Hyatt also offered to extend health-care benefits until March 31, 2010, for housekeepers who accept the positions. They then would have the option of obtaining benefits through United Service.

"It does not provide the women with the one thing they really deserve," Local 26 president Janice Loux said in a statement. "These women have made it clear that they want to be returned to the jobs they have held for years."

The housekeepers were laid off in a cost-cutting move on Aug. 31. Hyatt has denied claims that they were tricked into training their replacements. The housekeepers made $15 an hour on average, while their replacements from Georgia's Hospitality Staffing Solutions make $8 an hour.

Asked if there remained a chance that Hyatt would give in to Local 26's demands, Hyatt spokeswoman Farley Kern said, "That would put the (replacement) workers out of a job."

Hyatt has faced protests and even a state boycott threat from Gov. Deval Patrick if it fails to rehire the workers.

A spokesman for the governor said Patrick was reviewing Hyatt's offer and "wants to ensure that this is a proposal the workers can depend on and feel is fair."

For the fired housekeepers who want to pursue other career paths, Hyatt said it's teamed with Manpower and Right Management for career services and retraining.
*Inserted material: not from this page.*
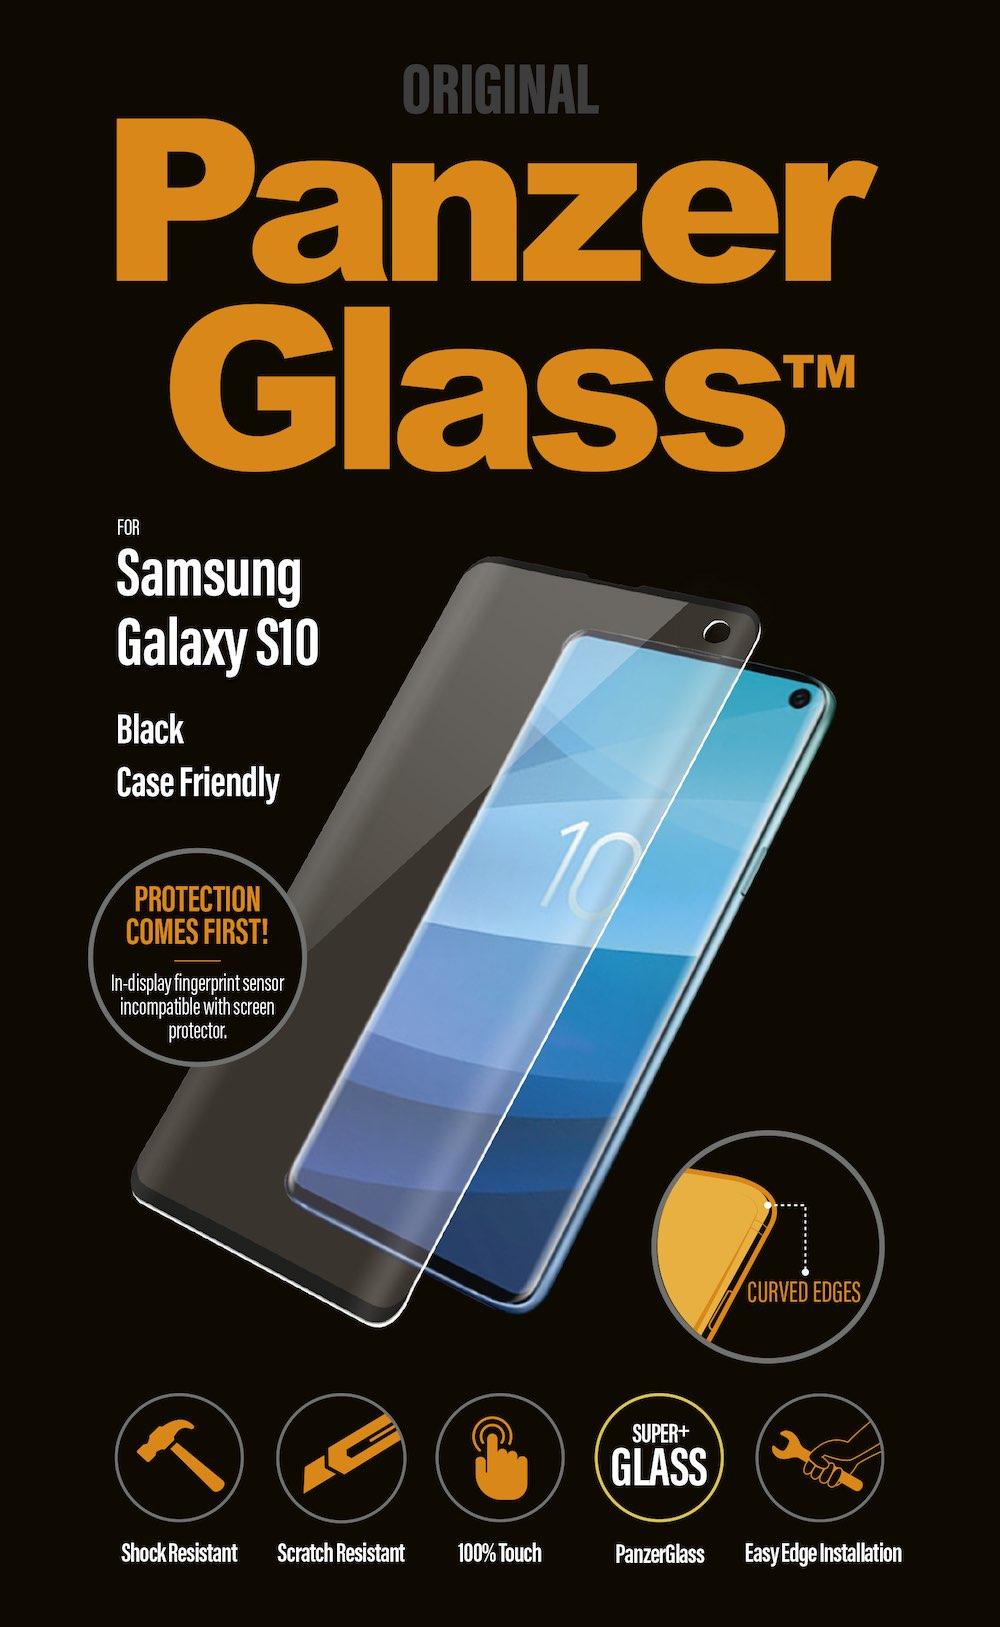 7175_PanzerGlass Samsung Galaxy_S10_GLASS_no_Hole.indd

Those employees would receive a stipend equal to their Hyatt pay rate through March 2010 or until they get permanent jobs, whichever comes first.

The Greater Boston Chamber of Commerce relocated a financial services forum scheduled at the Hyatt Regency Boston next Friday to the Four Seasons to "mitigate any potential disruption" to its members. It hasn't taken an official position on the matter.

The Boston Taxi Drivers Association has also threatened to refuse service to Hyatt's Boston hotels unless it rehires the workers.